§ Data section:
·····

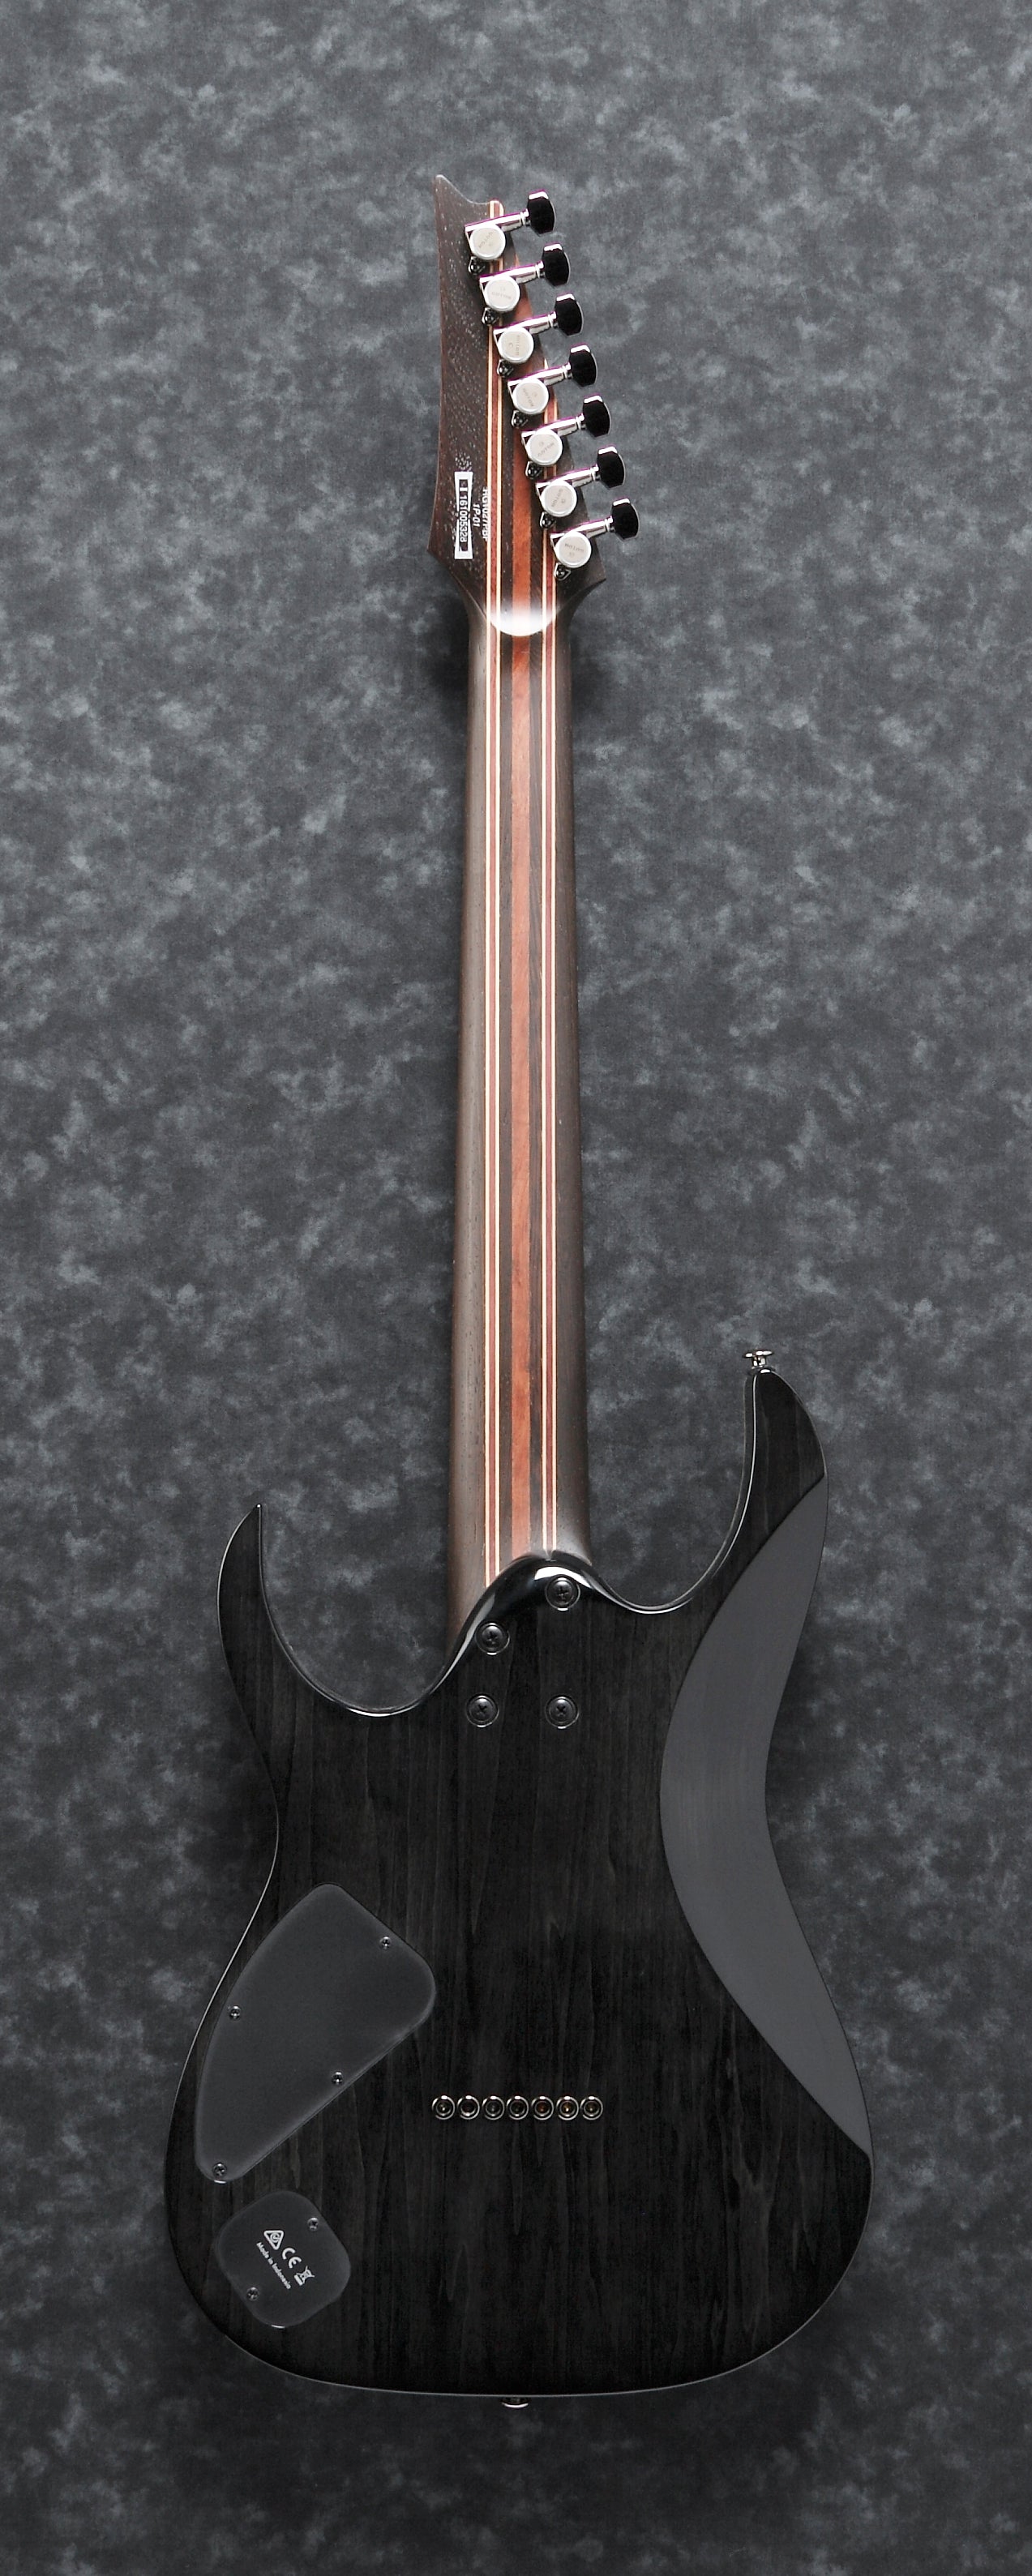 Ibanez RG Series Premium RG1027PBF-CBB (Cerulean Blue Burst) 7-string Electric Guitar 電結他
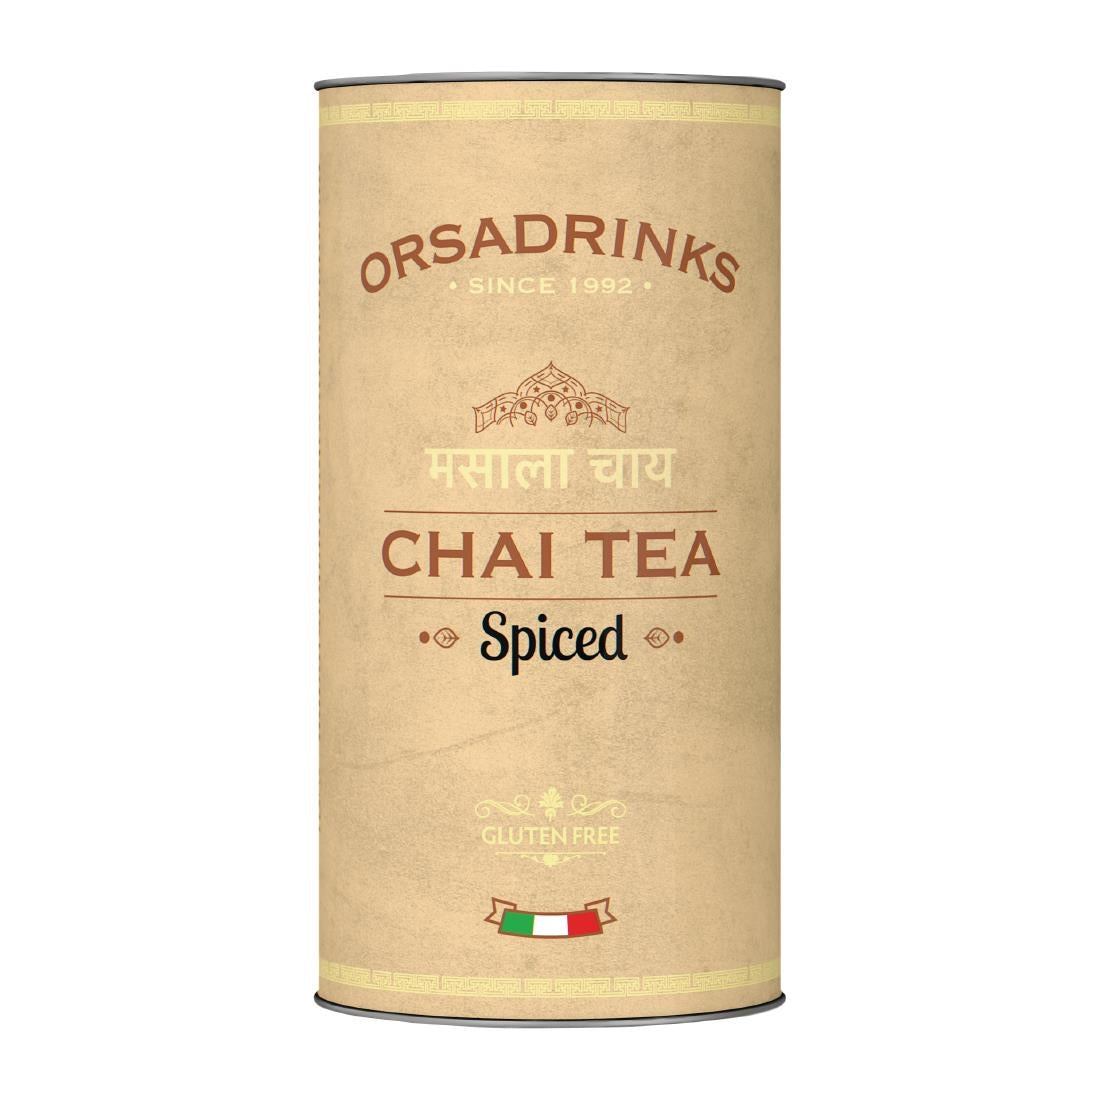 FX031 ODK Chai Tea Spiced Powder 1kg JD Catering Equipment Solutions Ltd
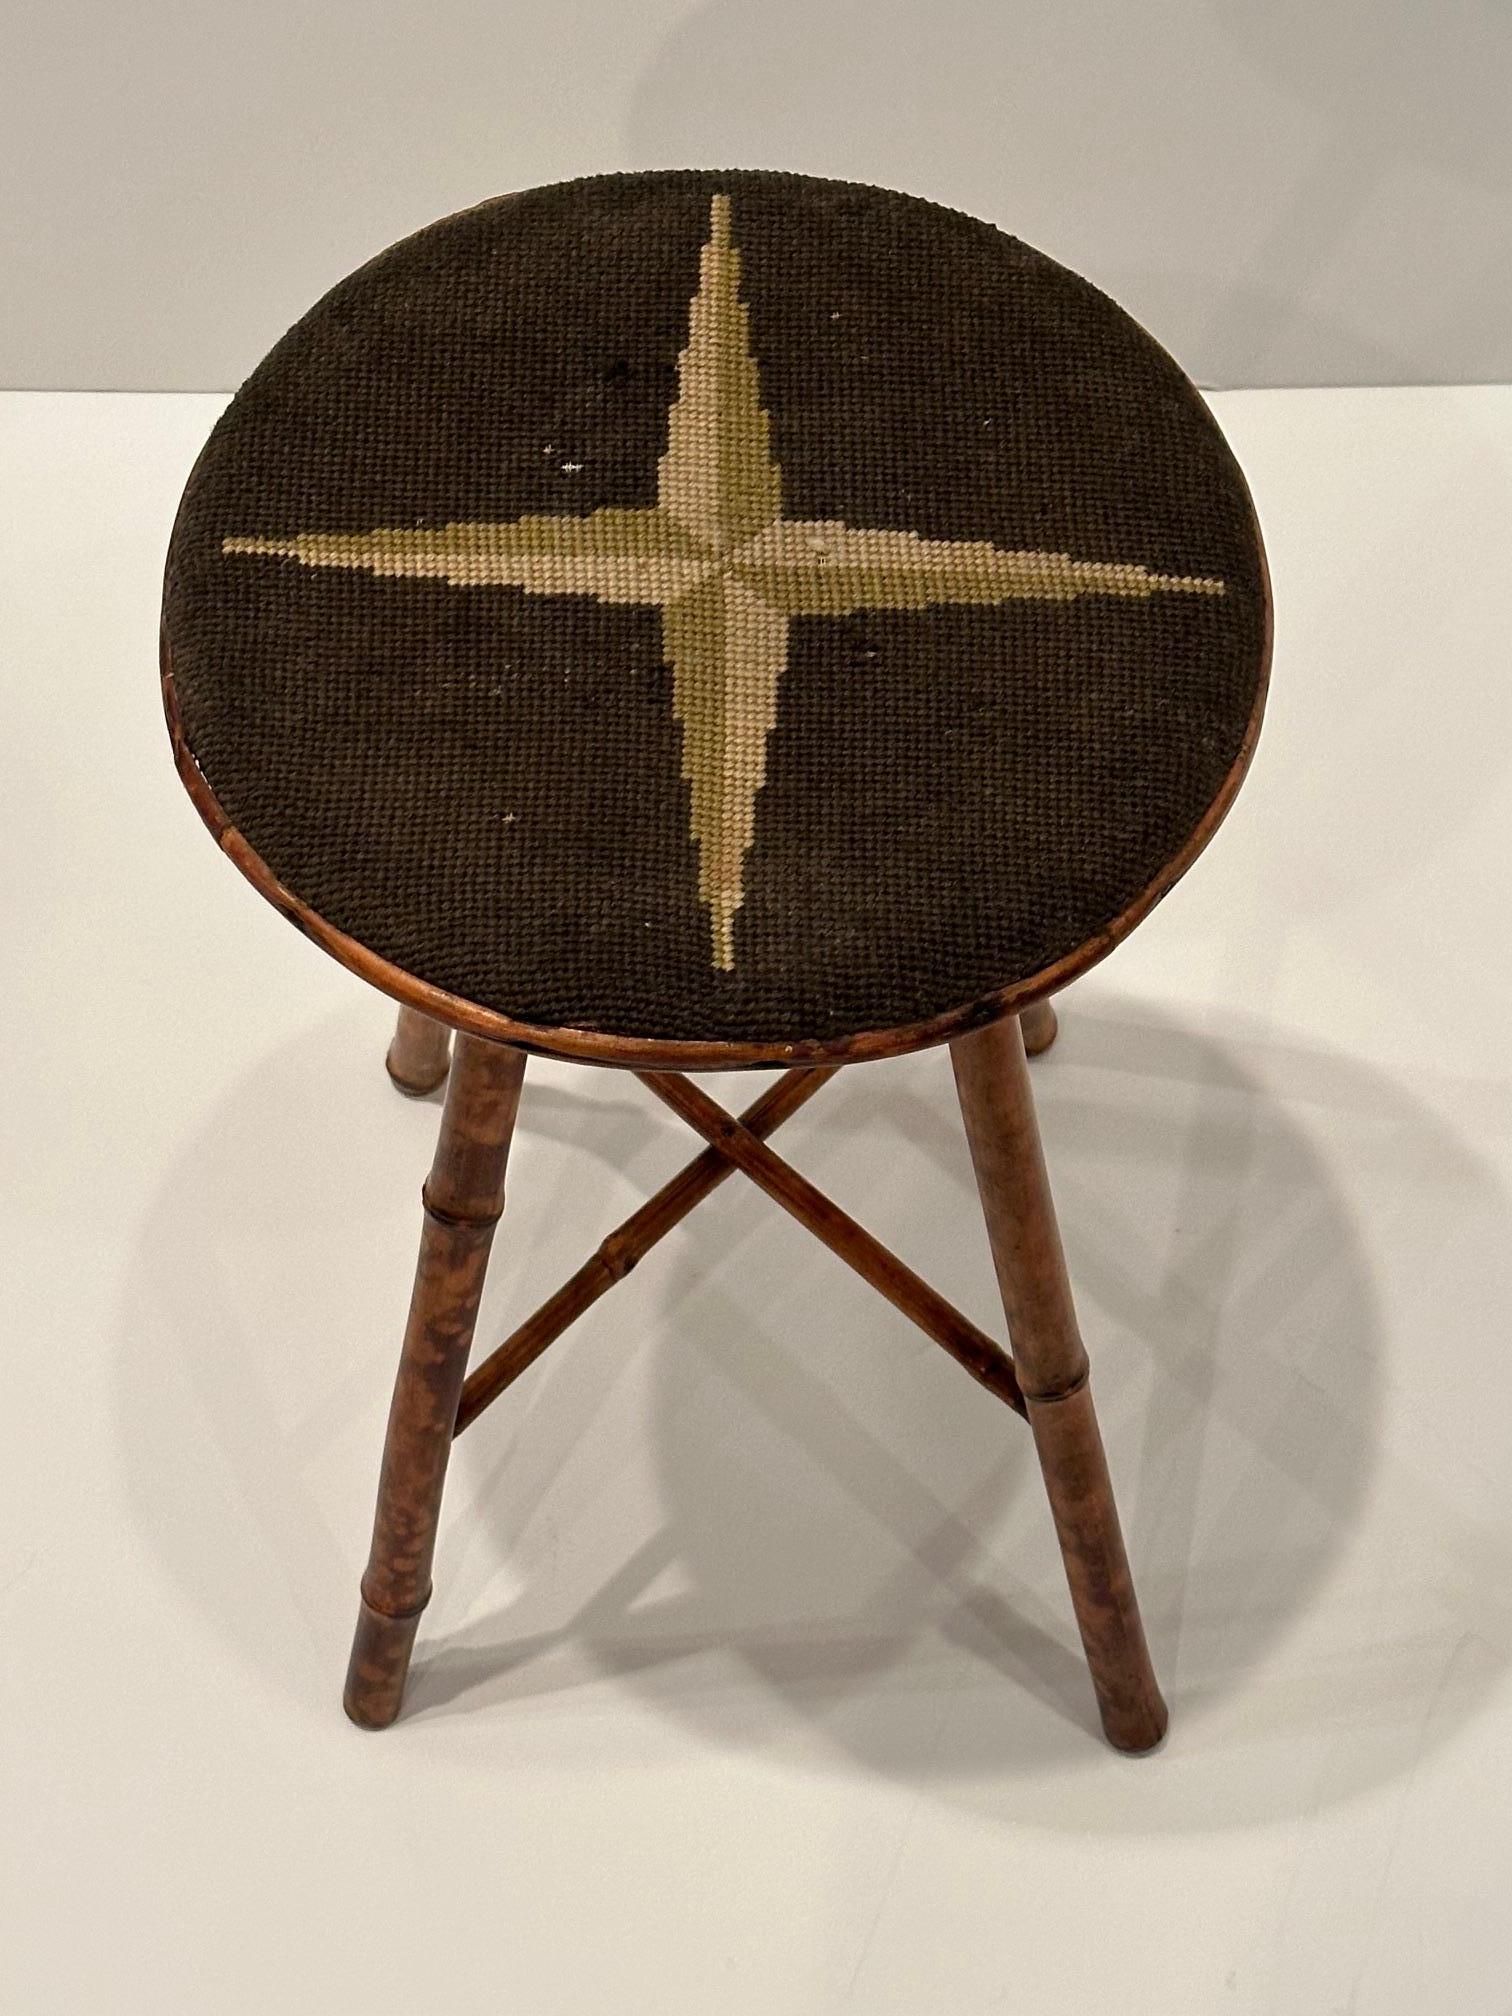 Classic American vintage bamboo stool having original needlepoint seat.

·····

§ Description of the task:
Could you please return each line of the material exactly, dropping the pictures?

§ Answer:
 Ibanez RG Series Premium RG1027PBF-CBB (Cerulean Blue Burst) 7-string Electric Guitar 電結他
 FX031 ODK Chai Tea Spiced Powder 1kg JD Catering Equipment Solutions Ltd
 Classic American vintage bamboo stool having original needlepoint seat.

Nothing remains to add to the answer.